Меня это и смешило, и раздражало. Я все-таки не знала, что такое Спиноза; а спрашивать у этой педантки я, конечно, не желала.
Все разбрелись. Я таки взяла и осталась со Спинозой. Хотела напотешиться над ней хорошенько.
— Где же вы прочли статью? — спросила я тоном смиренной девочки.
— Если хотите, я вам пришлю.
И опять улыбается как купчиха. Она совсем, кажется, и не поняла, что ее подняли на смех.
— В журнале каком-нибудь?
— Да, в Revue des deux Mondes. Я могу вам дать и Куно Фишера.
Это меня окончательно взбесило.
Спиноза, Куно Фишер, — что это за звери такие?
— Я ведь в ученость не пускаюсь, — сказала я ей, как Николай мой выражался, "в упор".
— А вы разве меня считаете ученой?
— Вы говорите о таких предметах…
— Ах, Боже мой, кто ж этого не знает.
Я пересилила себя и выговорила:
— Да вот я не знаю, первая.
— Вы, может быть, забыли?
Этот вопрос отзывался, кажется, насмешкой. Взглянула я на нее: улыбка телячья, но не язвительная.
— Я не могла забыть, потому что я никогда и не слыхала про вещь, которую зовут Спинозой.
— Вещь! Ха, ха, ха!
Впрочем, она сейчас же удержалась, положила мне руку на колени и немного отеческим тоном проговорила:
— Есть много интересных предметов… на них не обращают внимания в свете. Я вам пришлю эту статью: она очень мило написана.
Из деликатности Плавикова не сочла нужным обучать меня тому, что такое Спиноза. Деликатность деликатностью, а мне все-таки было досадно, что я осталась ни при чем, не умея даже сообразить: что бы это такое было "Спиноза"?

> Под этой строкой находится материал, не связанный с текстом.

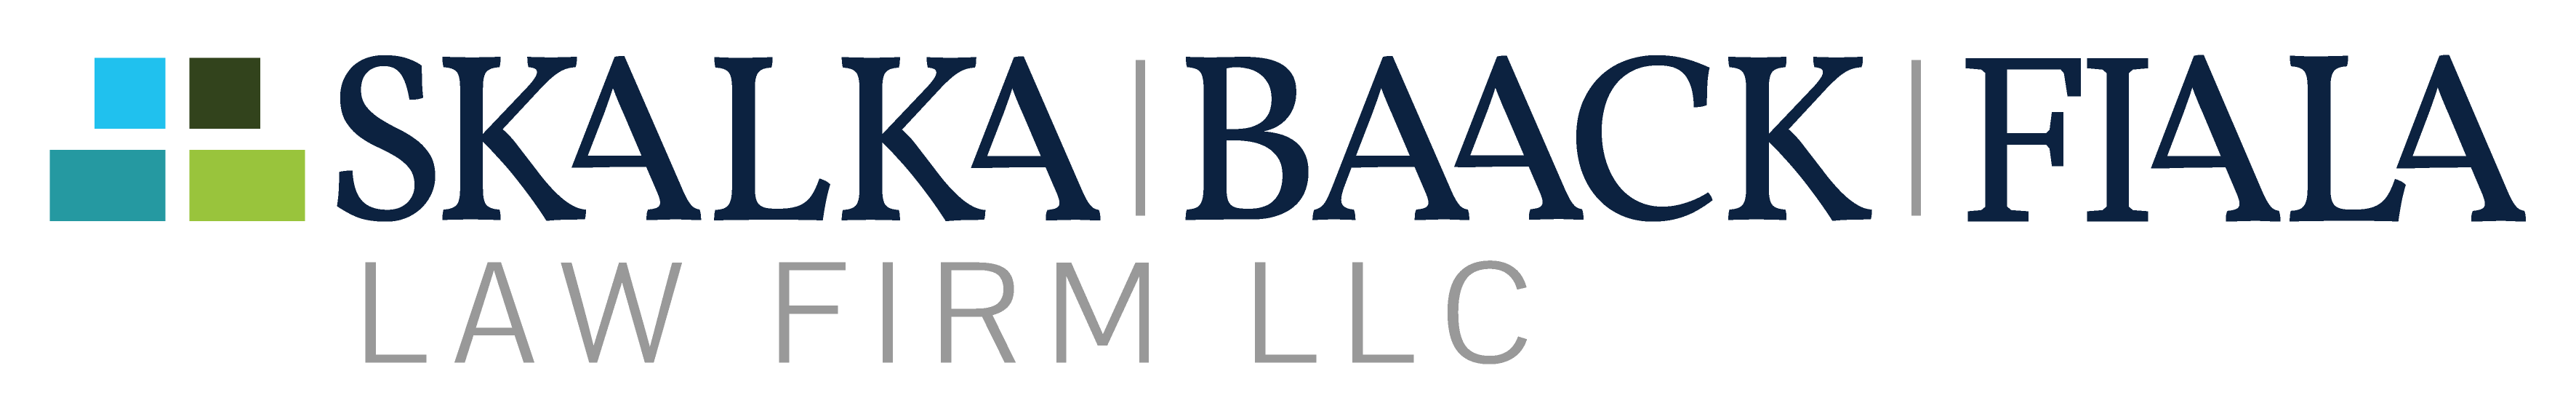 skalka baack fiala law firm logo
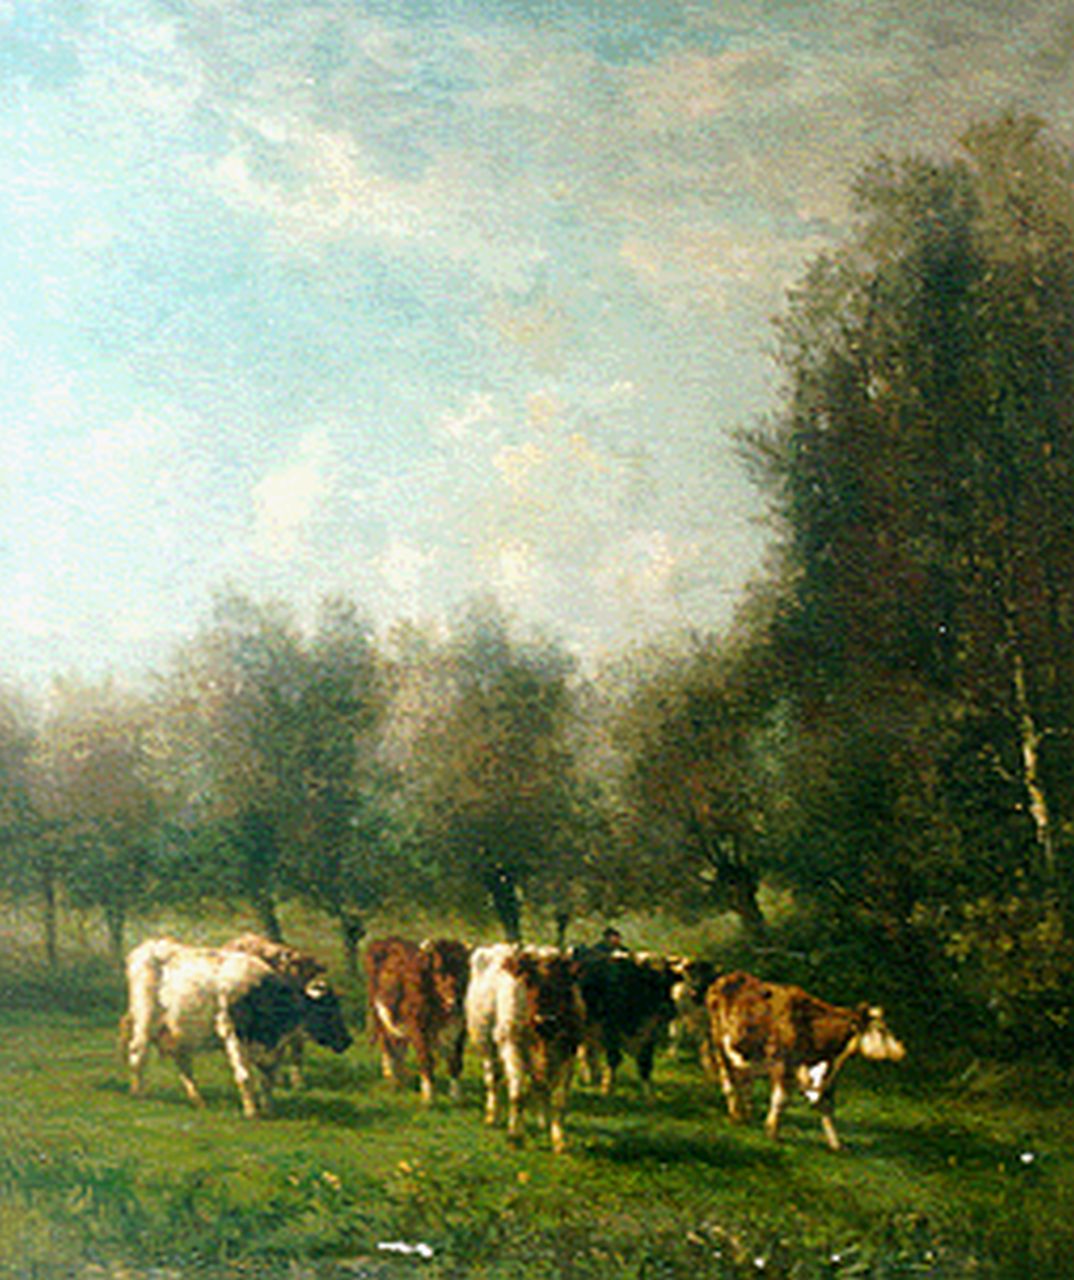 Vrolijk J.M.  | Johannes Martinus 'Jan' Vrolijk, Weidelandschap met koeien onder de bomen, olieverf op doek 120,0 x 100,2 cm, gesigneerd linksonder

— Мы с вами встречаемся, — заговорила сладким тоном Плавикова, — а совсем почти незнакомы друг с другом.
— Помилуйте, я буду очень рада, — сболтнула я, не знаю зачем.
Эту фразу она выговорила, краснея и пожимаясь. К ней жантильность идет, как к корове седло. Тут я почувствовала, что над этой женщиной следует смеяться. Я сидела перед ней, как невежда; но я была все-таки искреннее.
— Вы много читаете, — сказала я ей и тотчас же подумала: если ты, матушка моя, возишься все с учеными и сочинителями, так зачем же ты обиваешь пороги у всех, только бы тебе попасть в большой свет?
— У меня есть свой особый кружок, — запела она и завертела головой. — Я не могу расстаться с воспоминаниями своей молодости. Когда покойник Тимофей Николаевич бывал у нас в Москве, он всегда говаривал: "И в шуме света не забывайте вечных начал правды, добра и красоты".
Какой Тимофей Николаевич? Это было хуже Спинозы. Спиноза, по крайней мере, Бог его знает, что-то такое иностранное. Я имела наконец право faire de ce Spinoza,[7] но этот Тимофей Николаевич, вероятно, какая-нибудь знаменитость наша, русская. Плавикова мне не прибавила даже фамилии. Вся кровь бросилась мне в голову.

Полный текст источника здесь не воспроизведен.